Please transcribe the listing below in full and word for word, without its pictures.

* **COLLECTED DATA**:
# # #

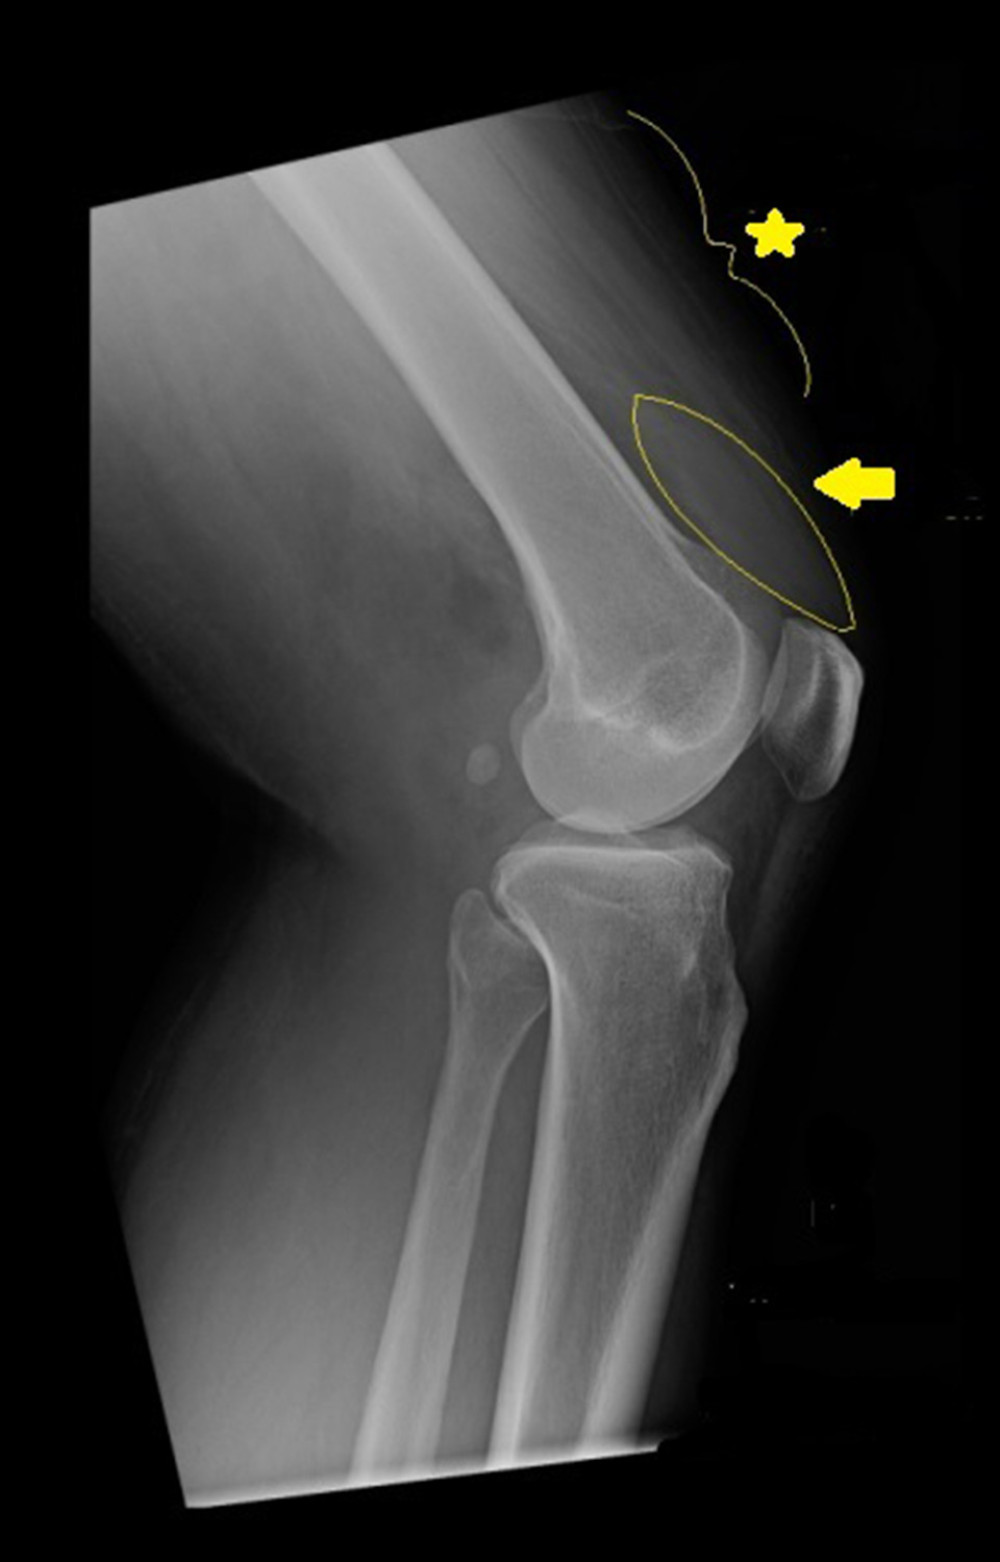 Right knee radiograph with joint effusion (star) and soft tissue swelling (arrow).
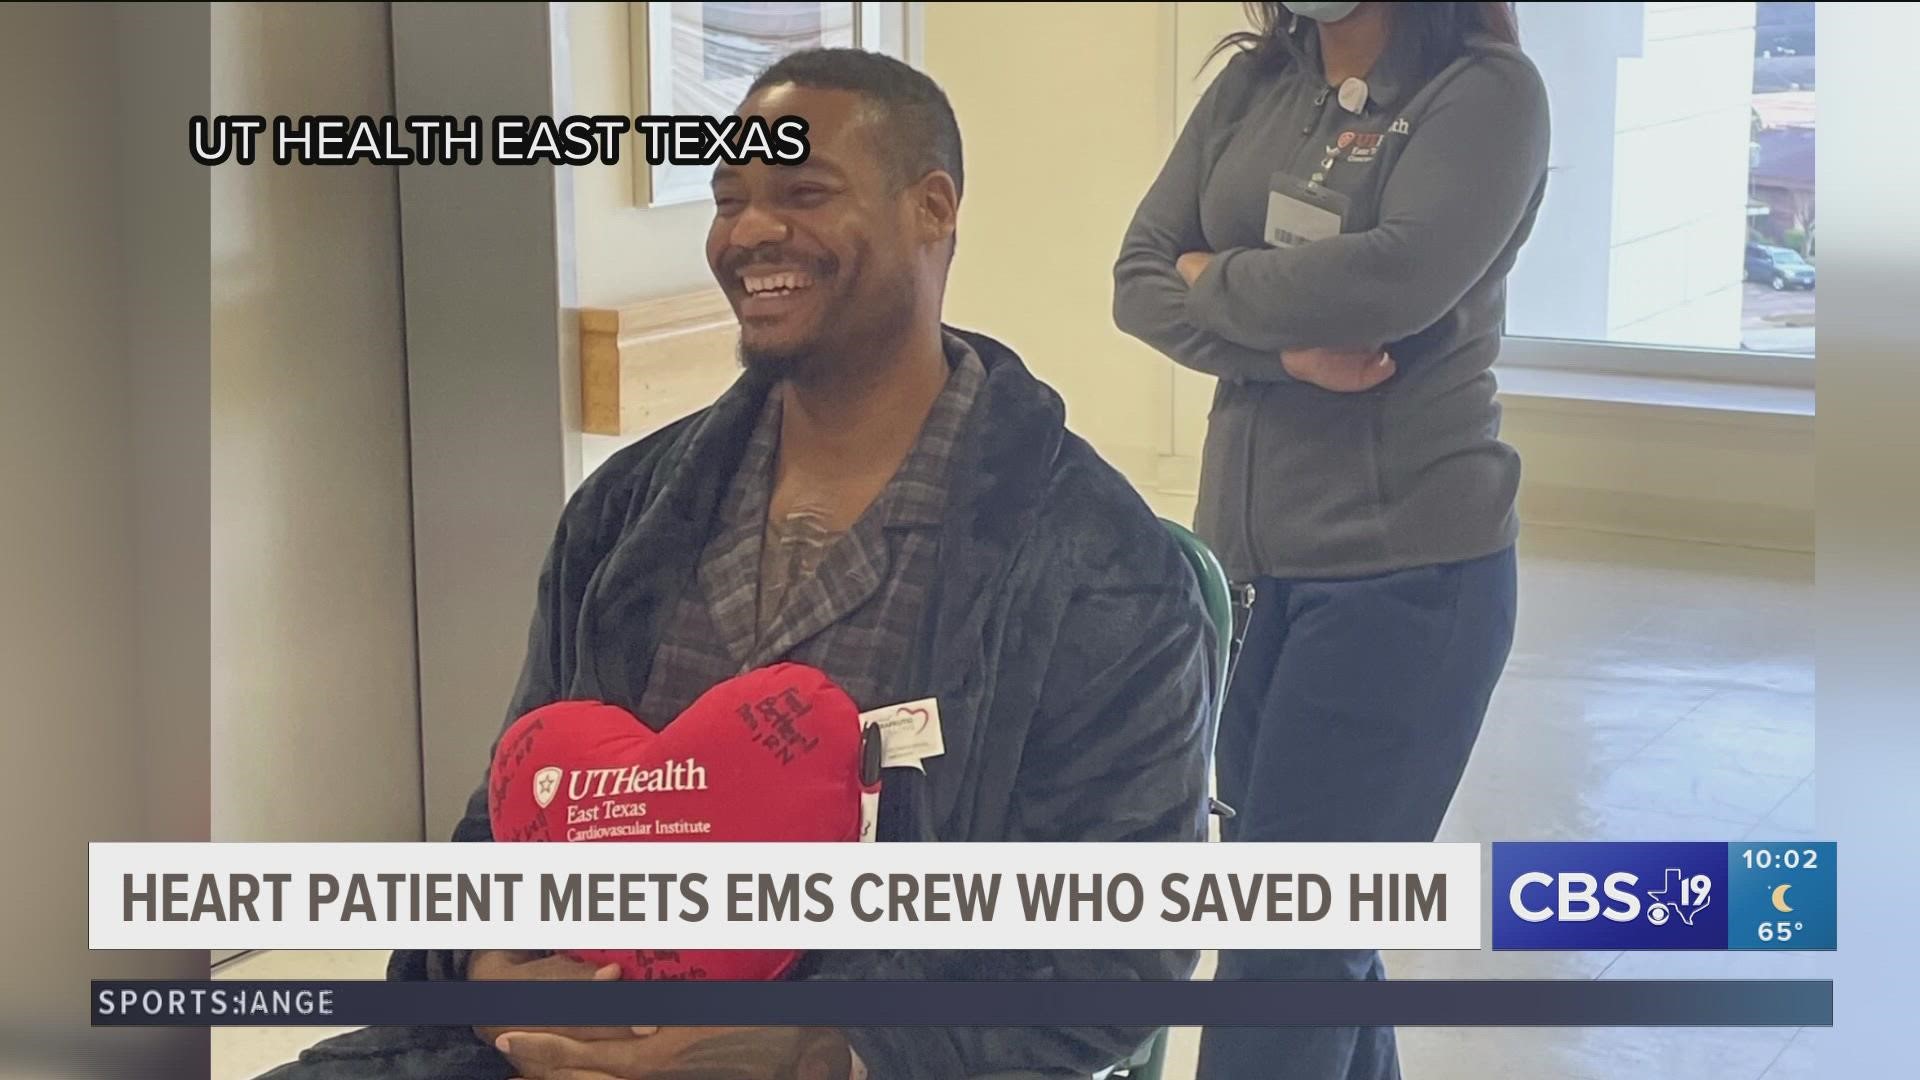 Heart patient meets EMS crew who saved his life
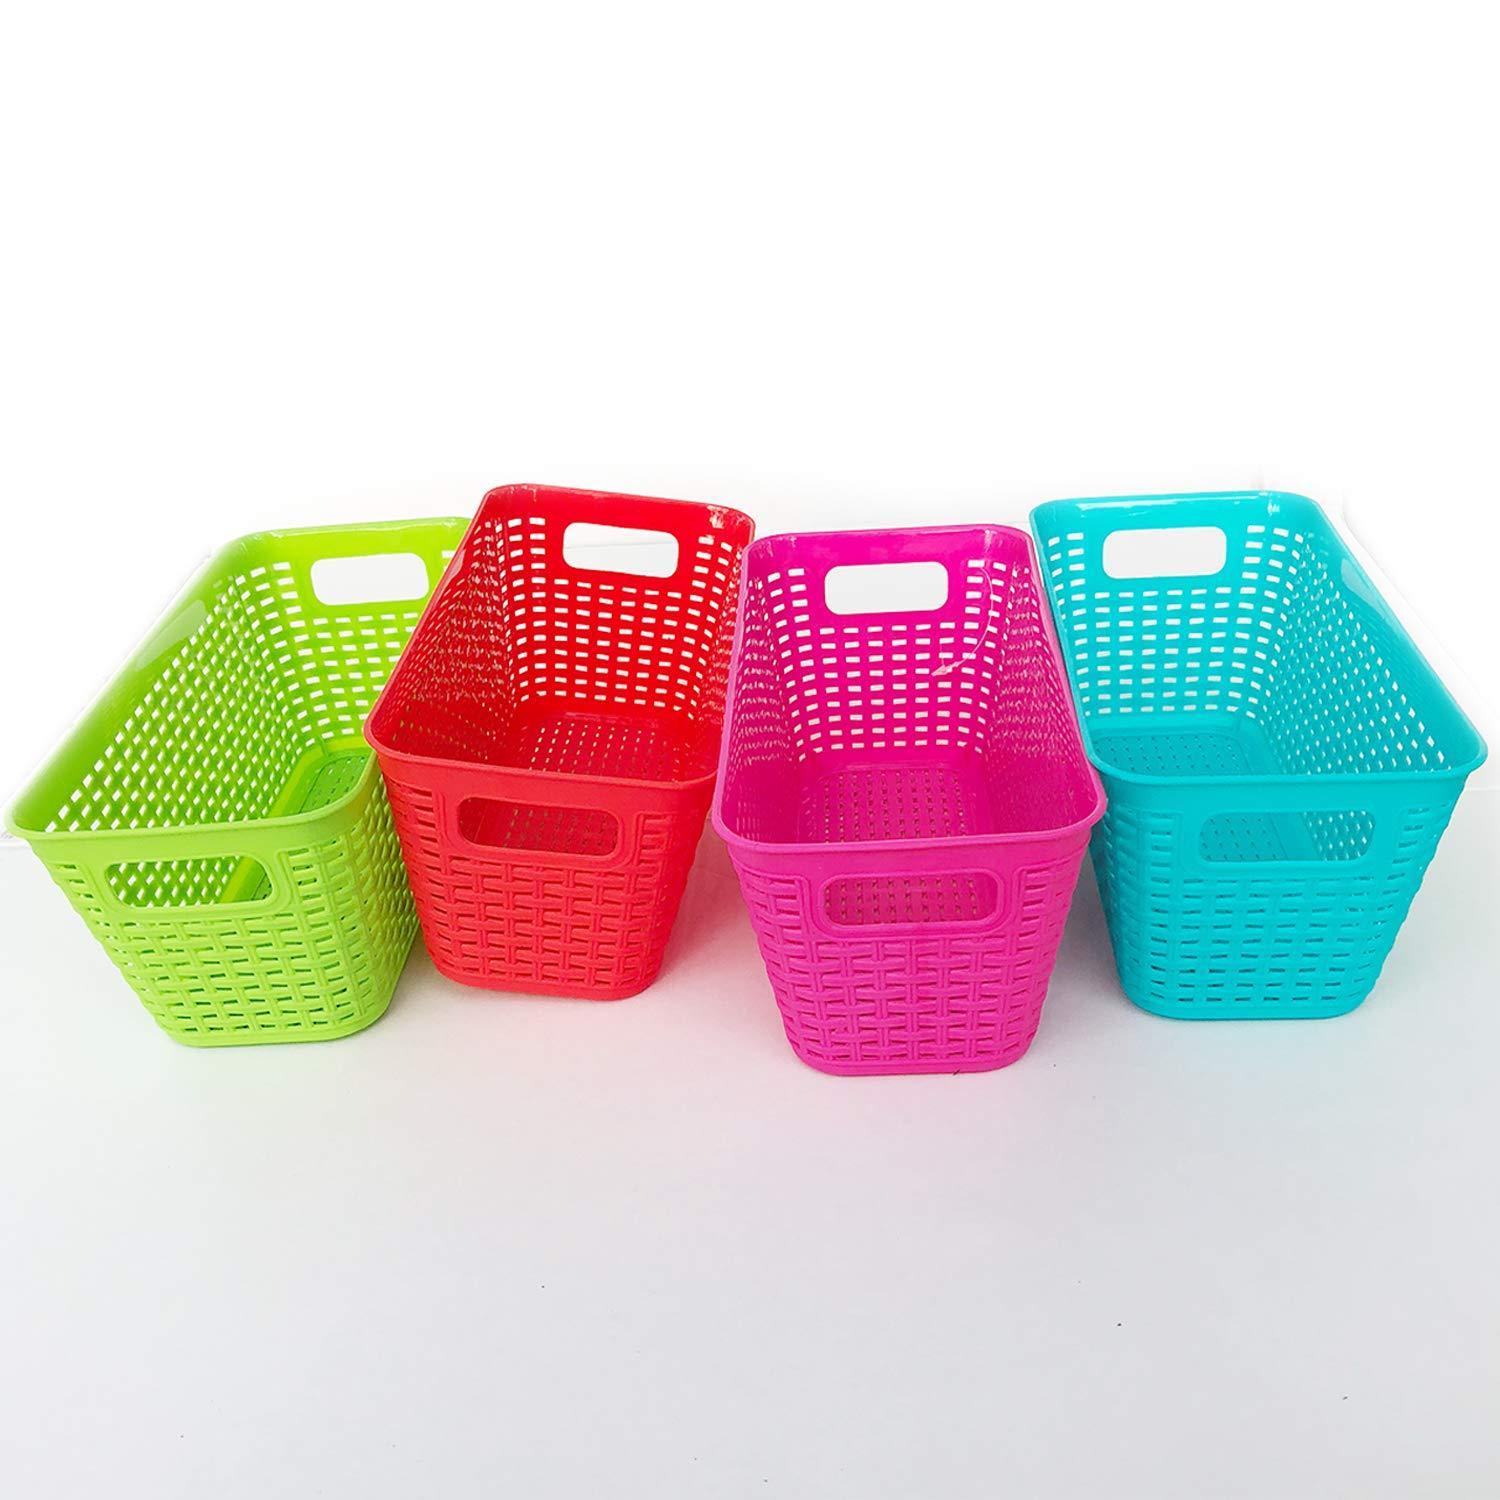 Top rated plastic baskets pantry organization and storage kitchen cabinet spice rack organizer for food shelf small colorful rectangle tray organizing for desks drawers weave deep closets art lockers set of 4

# # #

* **ANSWER SECTION**:
 Right knee radiograph with joint effusion (star) and soft tissue swelling (arrow).
 Heart patient meets EMS crew who saved his life
 Top rated plastic baskets pantry organization and storage kitchen cabinet spice rack organizer for food shelf small colorful rectangle tray organizing for desks drawers weave deep closets art lockers set of 4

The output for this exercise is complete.